Abhilash Kundavaram Paul Prabhakar, Murugan Sanjay, Rabbi N Abel S, Pradeeptha Sharon, Kumar Sathish, Selvaraj Bagyalakshmi, Gunasekaran Karthik
Department of Emergency Medicine, Christian Medical College, Vellore, Tamil Nadu, India.
Department of General Medicine, Christian Medical College, Vellore, Tamil Nadu, India.
J Family Med Prim Care. 2022 Jan;11(1):233-239. doi: 10.4103/jfmpc.jfmpc_1184_21. Epub 2022 Jan 31.
Deliberate self-poisoning and harm (DSPH) is an unabating problem with a wide variation in the methods used across the world. Hence, this study was conducted to understand the current spectrum of methods used for DSPH by patients in our geographic locality and catchment area with special emphasis on newer compounds and drugs used.
This retrospective study included patients presenting with DSPH to the emergency department (ED) between January 2017 and December 2018.

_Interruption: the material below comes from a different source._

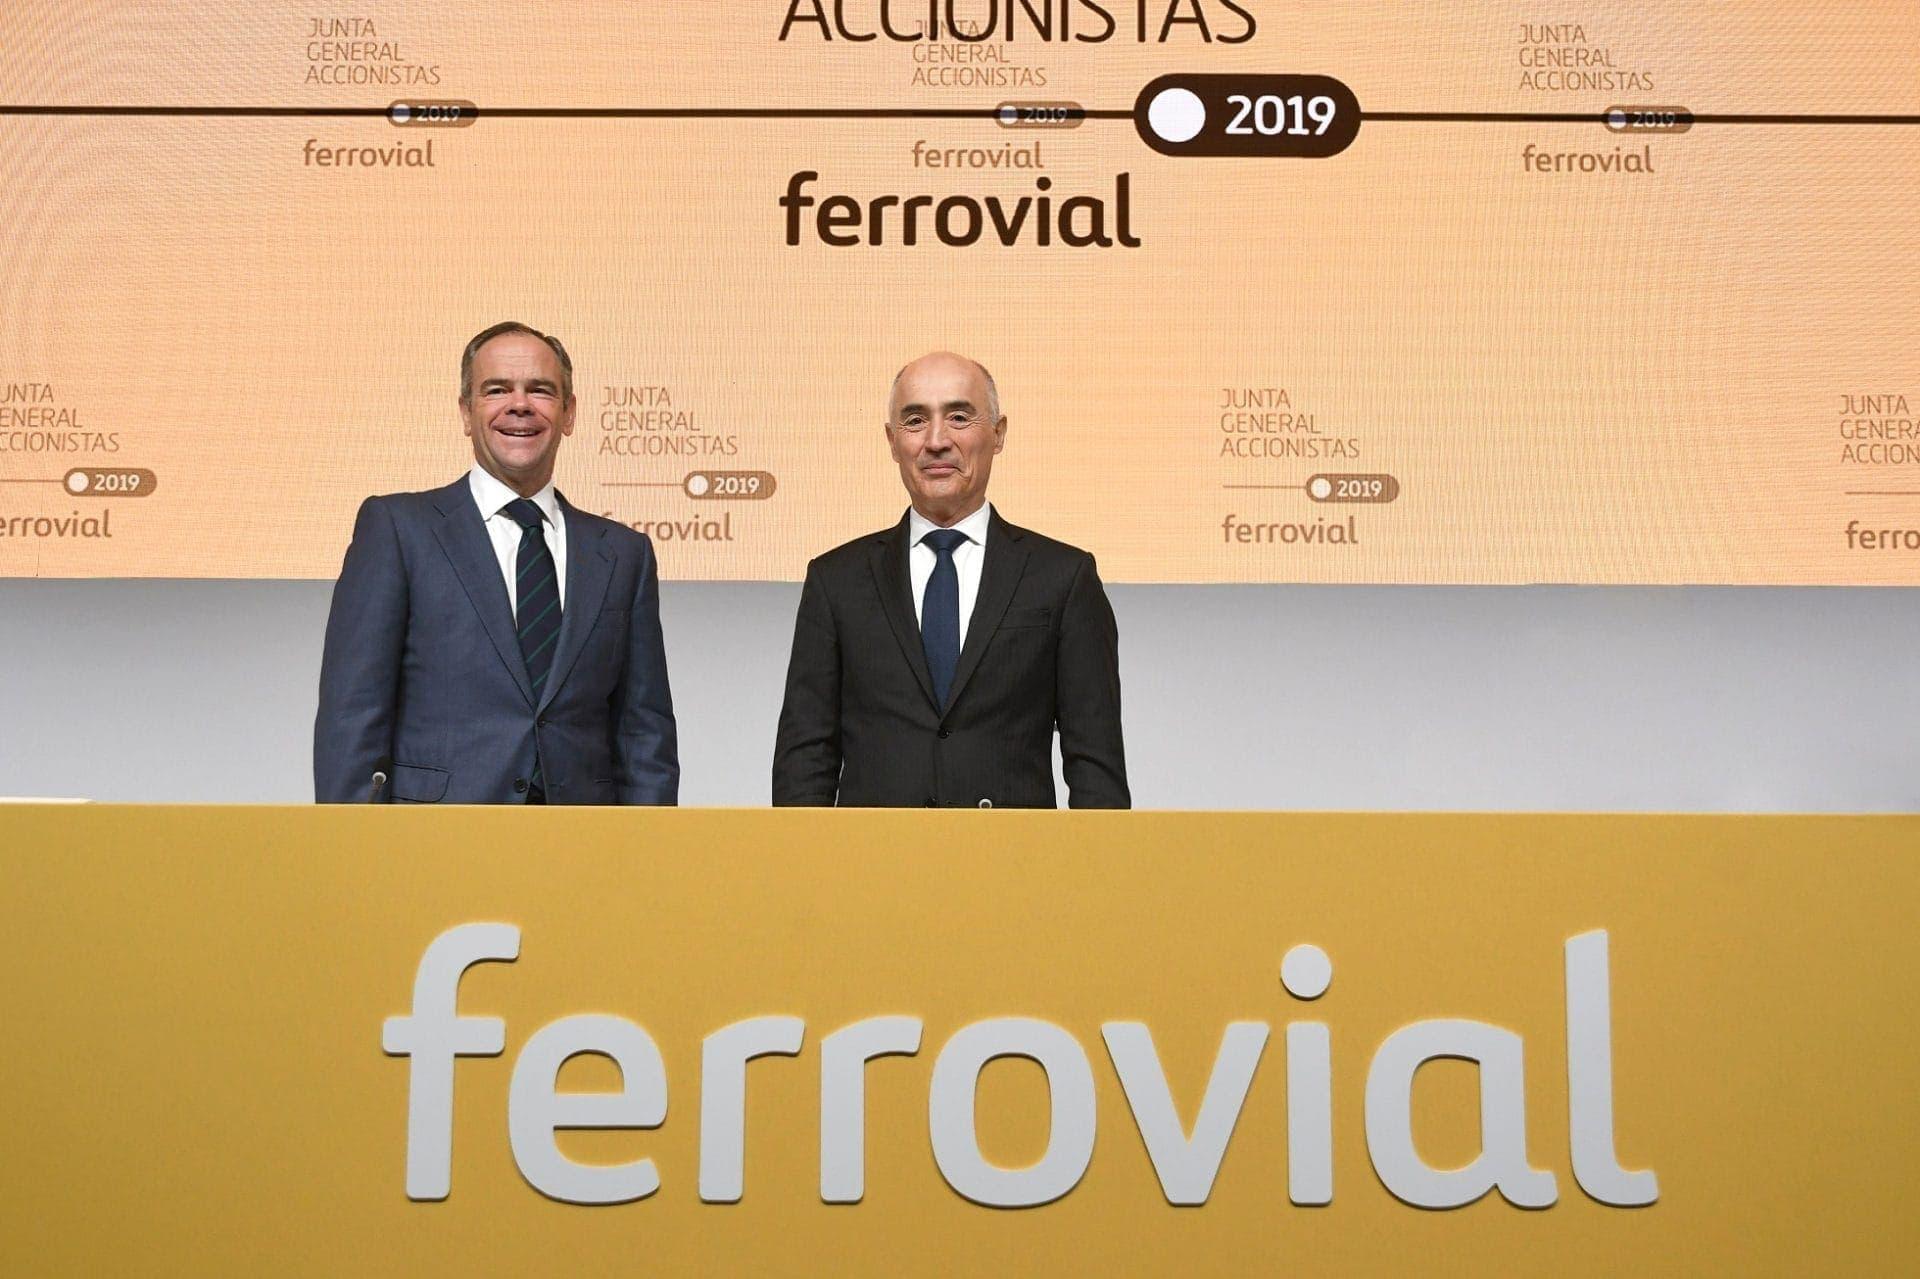 Íñigo Meirás and Rafael del Pino at the Annual Shareholders' Meeting 2019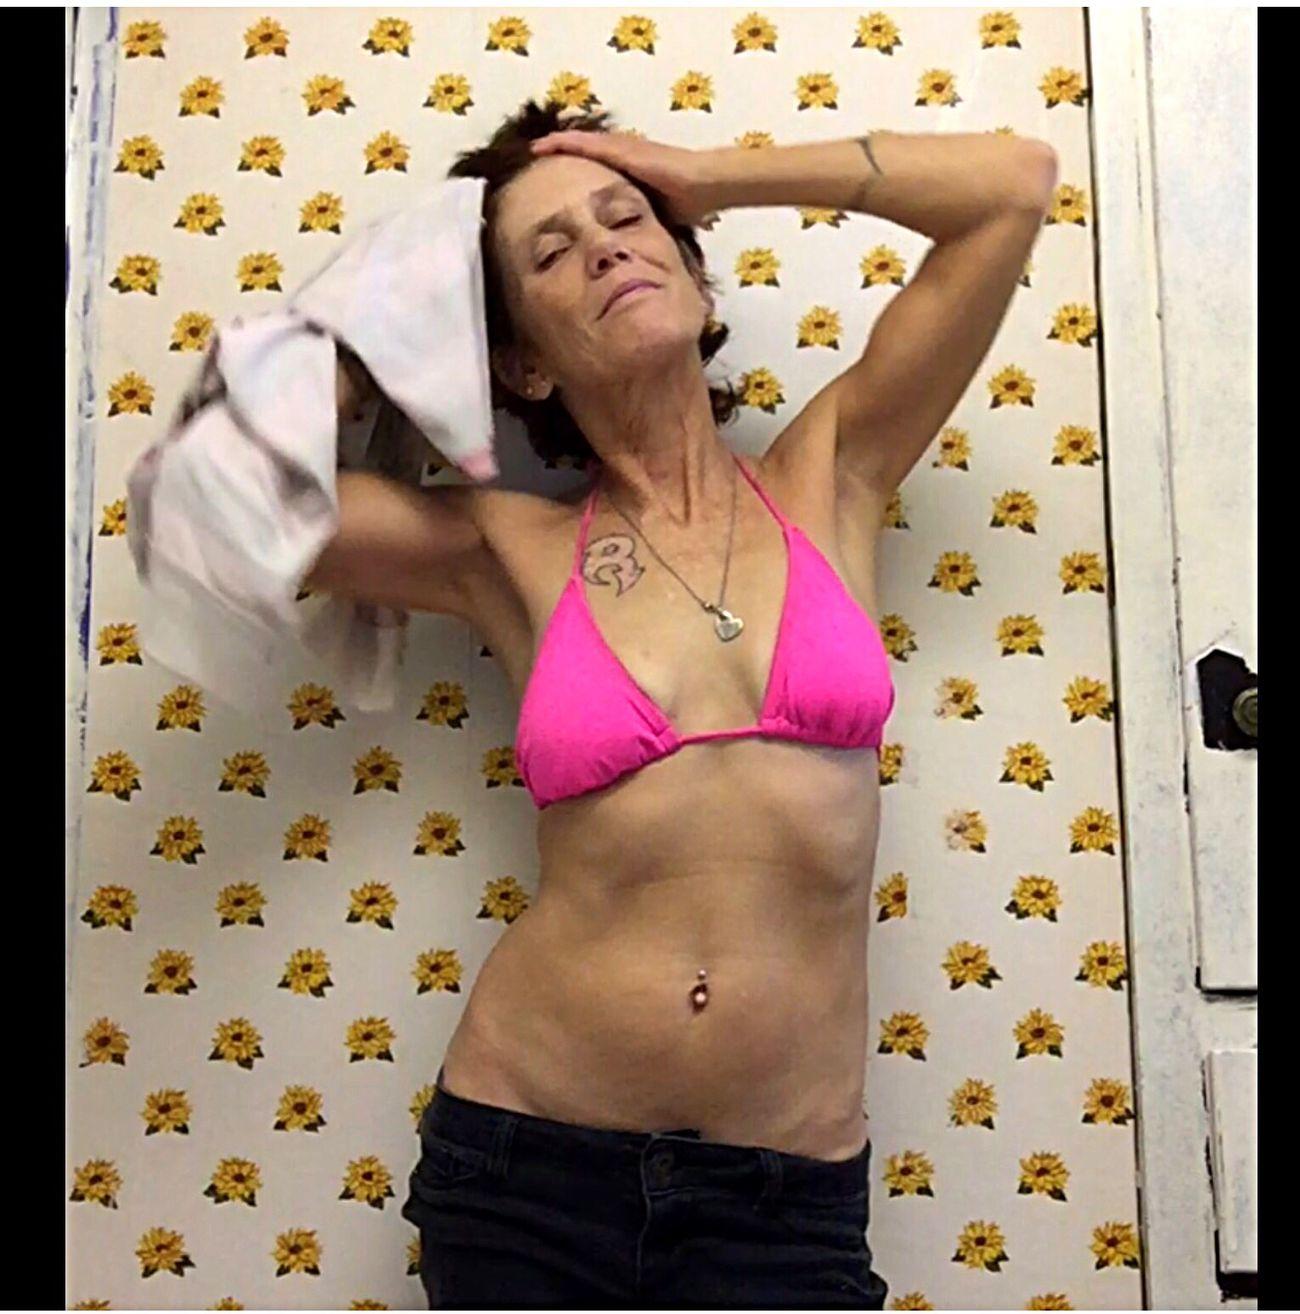 Feeling Good Feeling Myself  SexyAsFuck Atwork Is What I Do! Showoff  Show It Off,just Alil Bit ;) Bikinimodel SexyGirl.♥ Sexywomen Hottie Hot Body Texasheat DeepintheheartofTexas Bikinifetish DevineTx Bellybuttonfetish Yourview Bikimilovers Bikiniporn Pink Color Think Pink Pink Bikini Lots Of Fun Bikinibody

This study included 1802 patients, with a mean age of 32 ± 12.7 years. Of the patients, 85% were in the young to middle age group (16-45 years). Agrochemicals (n = 604, 33.5%), drugs (n = 498, 27.6%), plant toxins (n = 150, 8.3%) and rodenticides (n = 145, 8%) were the predominantly used compounds. The major emergency resuscitation procedures required in the ED were intubation (n = 321, 18%), vasopressor support (n = 73, 4%) and cardiopulmonary resuscitation (n = 27, 1.4%). A quarter (23.2%) was discharged stable from the ED, whereas a further 56.5% were discharged stable after hospital admission. The in-hospital mortality rate was 3% (n = 47). Multivariate logistic regression analysis showed rodenticides (odds ratio (OR): 22.32; 95% confidence interval (CI): 8.05-61.88; = 0.005) and plant poisons (OR: 23.92; 95% CI: 8.95-63.94; = 0.005) to be the independent predictors of mortality.
DSPH is prevalent in the highly productive young age group. Agrochemical ingestion and drug overdose are the most common methods used, whereas rodenticide and plant poisoning are associated with significant mortality.
蓄意自我中毒和伤害(DSPH)是一个持续存在的问题,世界各地使用的方法差异很大。因此,开展本研究以了解我们所在地理位置和集水区内患者用于DSPH的当前方法范围,特别强调使用的新型化合物和药物。
这项回顾性研究纳入了2017年1月至2018年12月期间到急诊科(ED)就诊的DSPH患者。
本研究纳入了1802例患者,平均年龄为32±12.7岁。其中,85%为青年至中年组(16 - 45岁)。主要使用的化合物为农用化学品(n = 604,33.5%)、药物(n = 498,27.6%)、植物毒素(n = 150,8.3%)和杀鼠剂(n = 145,8%)。急诊科所需的主要紧急复苏程序为插管(n = 321,18%)、血管活性药物支持(n = 73,4%)和心肺复苏(n = 27,1.4%)。四分之一(23.2%)的患者从急诊科稳定出院,另有56.5%的患者在入院后稳定出院。住院死亡率为3%(n = 47)。多因素逻辑回归分析显示,杀鼠剂(比值比(OR):22.32;95%置信区间(CI):8.05 - 61.88;P = 0.005)和植物中毒(OR:23.92;95%CI:8.95 - 63.94;P = 0.005)是死亡率的独立预测因素。
DSPH在高生产力的青年年龄组中普遍存在。摄入农用化学品和药物过量是最常用的方法,而杀鼠剂和植物中毒与显著的死亡率相关。